§ YOUR INSTRUCTIONS: Repeat the data exactly. Pictures stay out.
----- PROVIDED ENTRIES
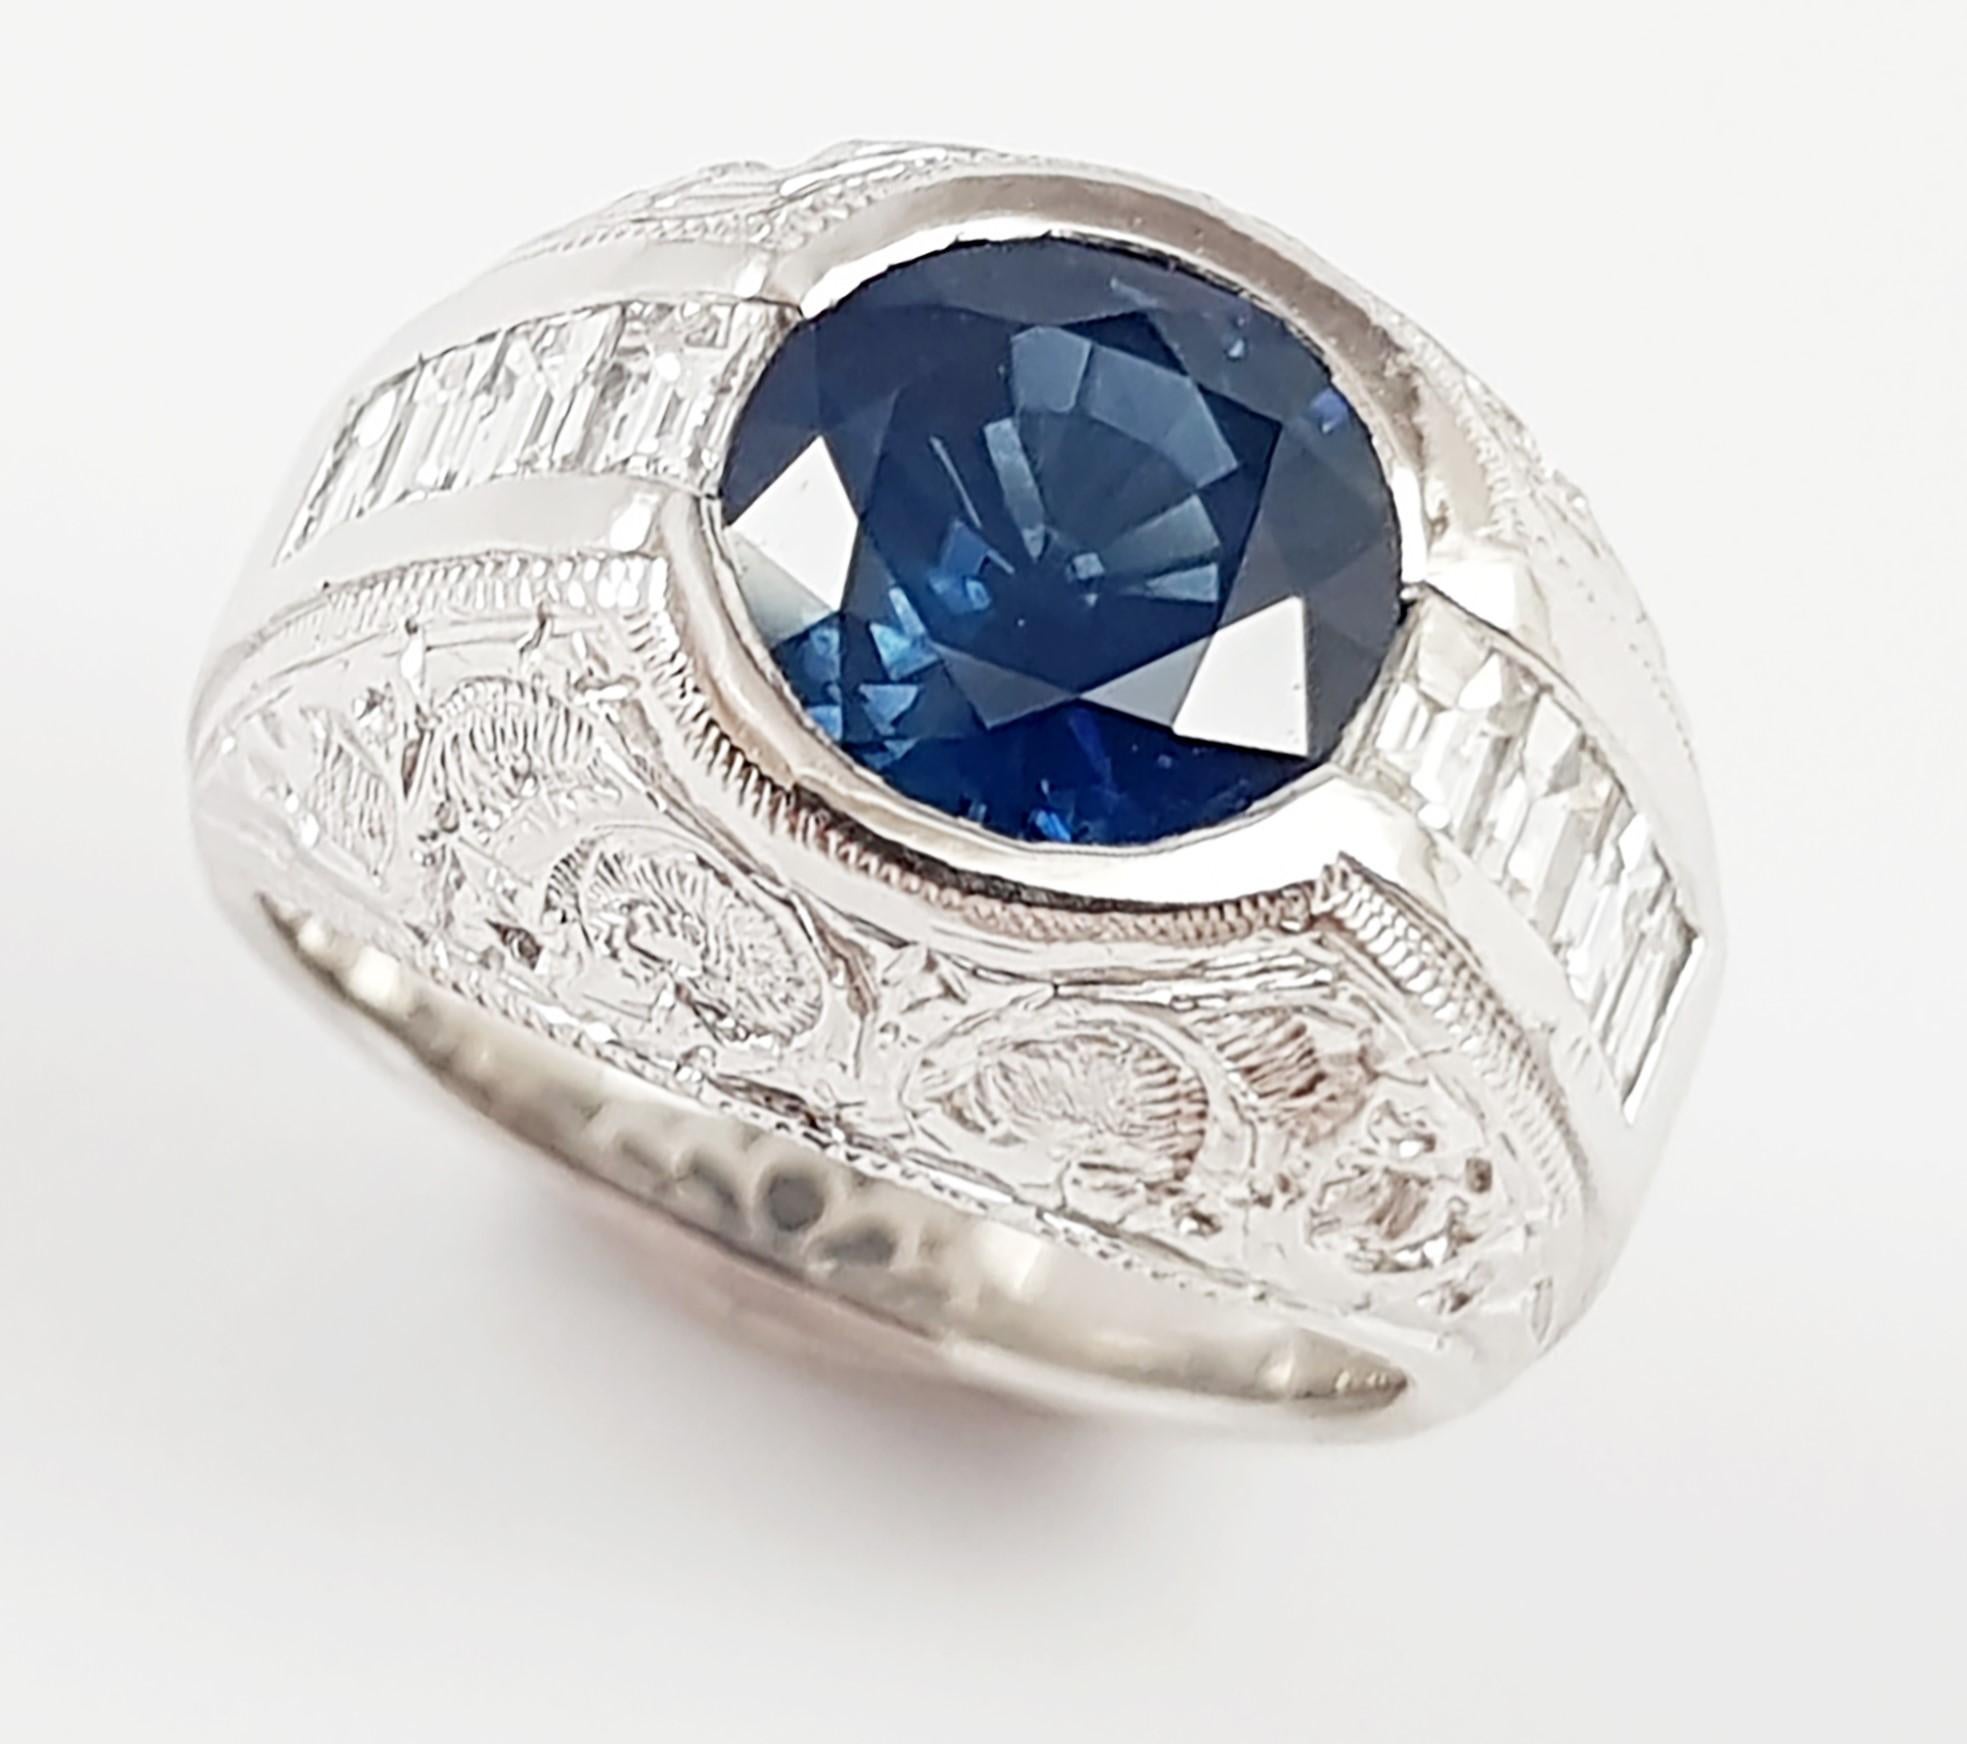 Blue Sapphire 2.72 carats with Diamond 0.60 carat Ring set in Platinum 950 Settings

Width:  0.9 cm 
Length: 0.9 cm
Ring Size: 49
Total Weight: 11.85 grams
----------
§ ANSWER TO THE EXERCISE:
 Blue Sapphire 2.72 carats with Diamond 0.60 carat Ring set in Platinum 950 Settings

Width:  0.9 cm 
Length: 0.9 cm
Ring Size: 49
Total Weight: 11.85 grams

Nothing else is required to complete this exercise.